Lo que pasó con Irán fue que un gobierno parlamentario nacionalista conservador estaba intentando recuperar el control de los recursos de su país, que hasta entonces habían estado en manos de una compañía británica, la Anglo-Persian, que después pasó a llamarme Anglo-Iranian. Esta empresa había firmado unos contratos con 1os dirigentes de Irán que eran pura extorsión y un robo: a los iraníes no les daban nada, mientras que los británicos se iban al banco más contentos que unas pascuas.

Desde hacía tiempo Mossadegh venía criticando esta subordinación a la política imperialista. Y una serie de revueltas populares empujaron al sha a nombrarlo primer ministro. Mossadegh nacionalizó la industria, lo cual tenía todo el sentido del mundo. Y los británicos se pusieron hechos unas furias. De ningún modo querían llegar a los compromisos que habían aceptado las empresas petrolíferas estadounidenses en Arabia Saudí. Ellos querían seguir robando a los iraníes sin ninguna cortapisa. Y eso provocó una revuelta popular inmensa en apoyo de la nacionalización.

Irán contaba con una larga tradición democrática que incluía elementos como el maijlis, el Parlamento. Y el sha no podía eliminarlo. Al final, un golpe de Estado orquestado conjuntamente por Reino Unido y Estados Unidos logró derrocar a Mossadegh y restaurar al sha en el poder, iniciando así veinticinco años de terror, atrocidades y violencia, que desembocaron en la revolución de 1979 y en la expulsión del sha.

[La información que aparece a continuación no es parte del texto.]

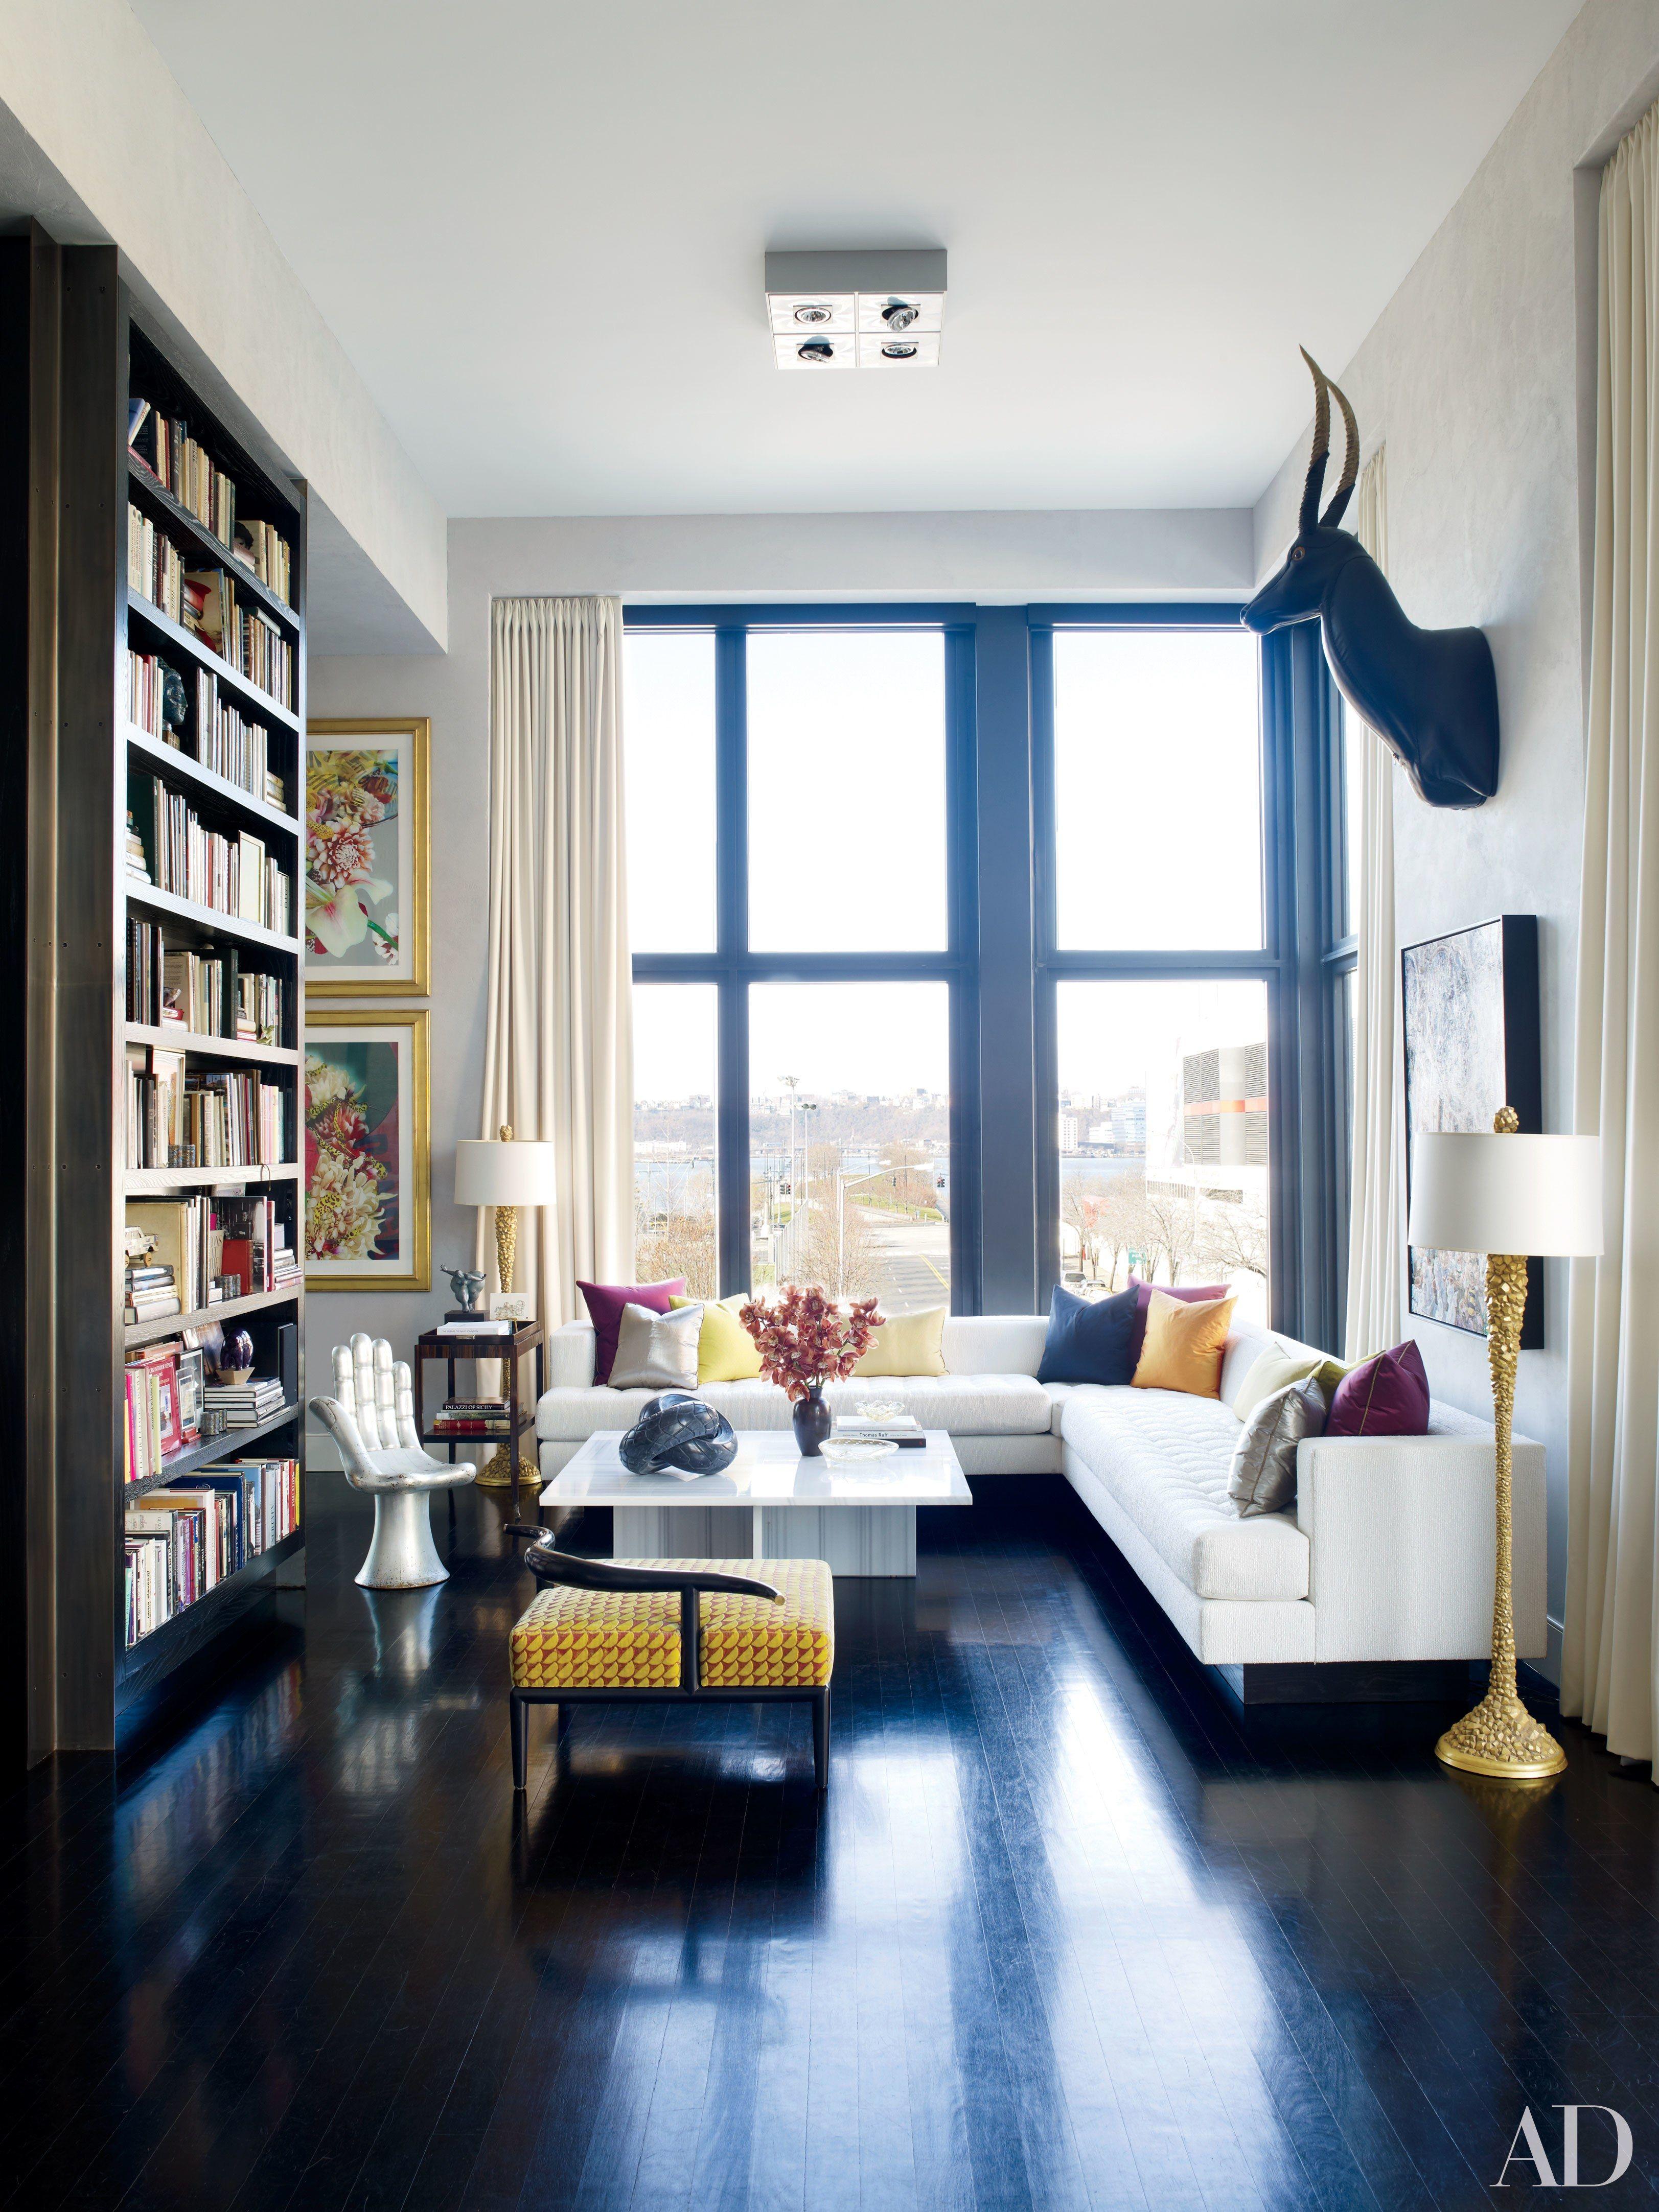 21 Sectional Sofas That Make The Room Con Imagenes Interiores Del Hogar Decoracion De Salas Pequenas Decoracion De Interiores
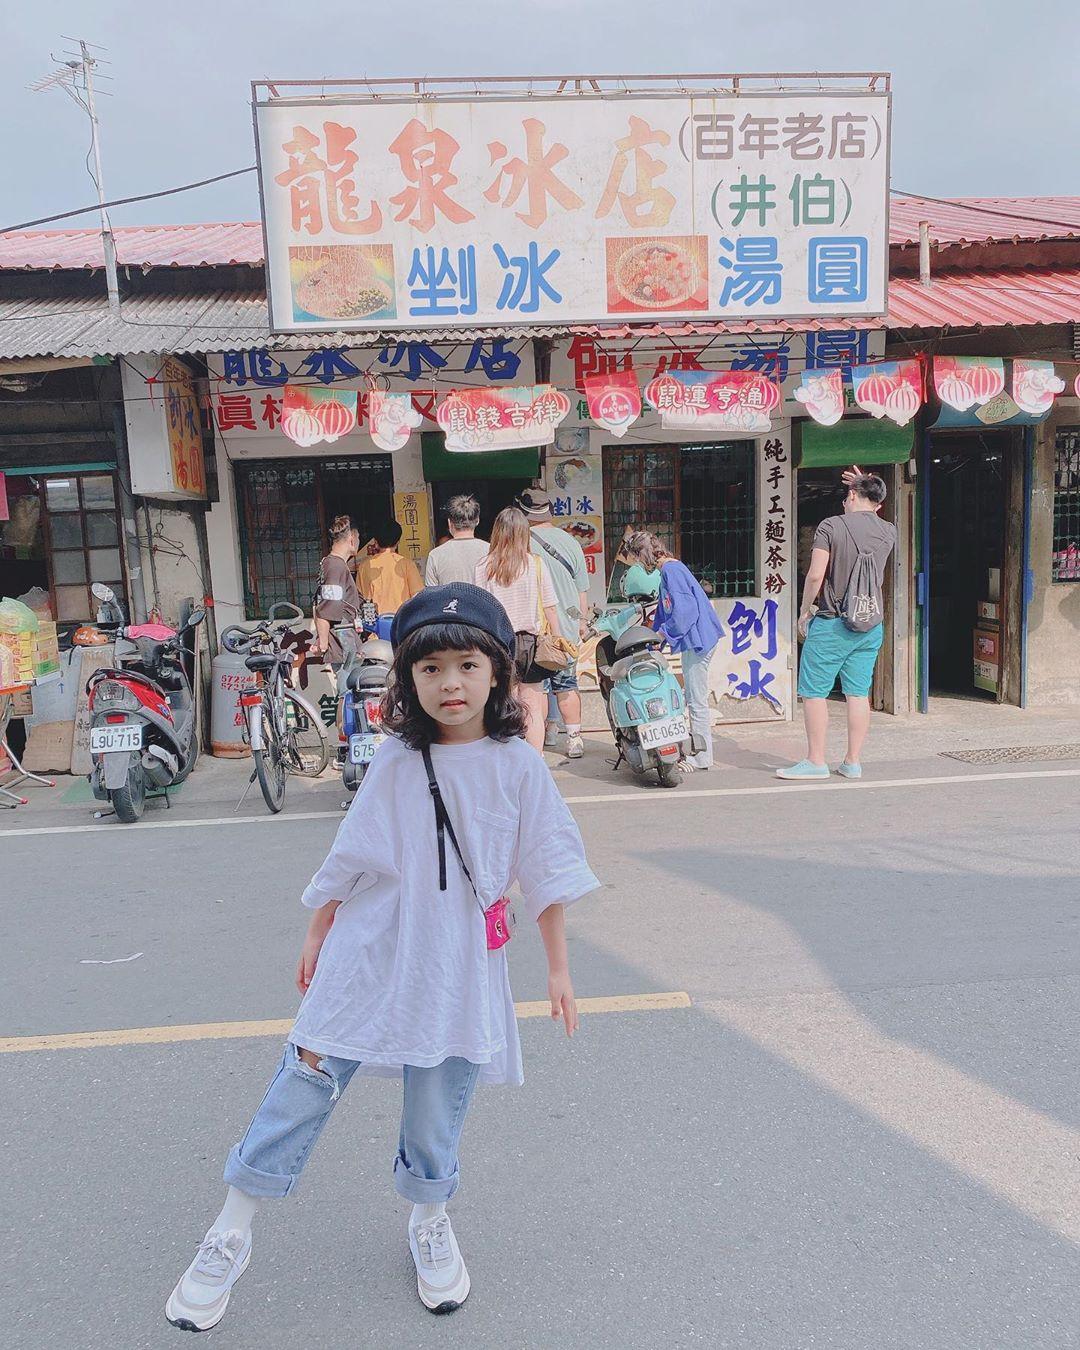 龍泉冰店 @foolagain357

Casualmente, uno de los efectos del golpe de Estado de 1953 fue que Estados Unidos se hizo con el 40 por 100 aproximadamente de la participación británica en el petróleo iraní. Este no era el objetivo de aquella acción –simplemente, sucedió como parte del devenir normal de los acontecimientos–, pero fue uno de los pasos de la sustitución general del poder británico por el poder de Estados Unidos en la región y, de hecho, en todo el mundo. El New York Times publicó un editorial en el que alababa el golpe de Estado, y decía: «Ahora los países sub-desarrollados que poseen ricos recursos naturales han podido aprender la lección del alto coste que ha tenido que pagar uno de ellos al perder la chaveta por culpa del nacionalismo fanático».1 Los Mossadeghs del mundo deberían andarse con ojo antes de intentar algo como recuperar el control de sus propios recursos naturales, los cuales, por supuesto, son nuestros, no suyos.

Pero tienes bastante razón en lo que decías. El cambio de régimen es una política normal. Si echamos la vista atrás, veremos que en los tiempos de Kennedy y Johnson todos andaban como locos queriendo cambiar el régimen cubano. De puertas adentro, la razón que esgrimían los servicios de inteligencia estadounidenses era que la existencia misma del régimen de Castro representaba «un auténtico desafío lanzado a Estados Unidos, una negación de toda nuestra política hemisférica de casi siglo y medio de vida», es decir, de la Doctrina Monroe.2 Así pues, hay que derrocar el régimen cubano mediante una campaña de terrorismo a gran escala y de guerra económica. Esta campaña terrorista casi lleva al mundo a una guerra nuclear definitiva. A punto estuvimos.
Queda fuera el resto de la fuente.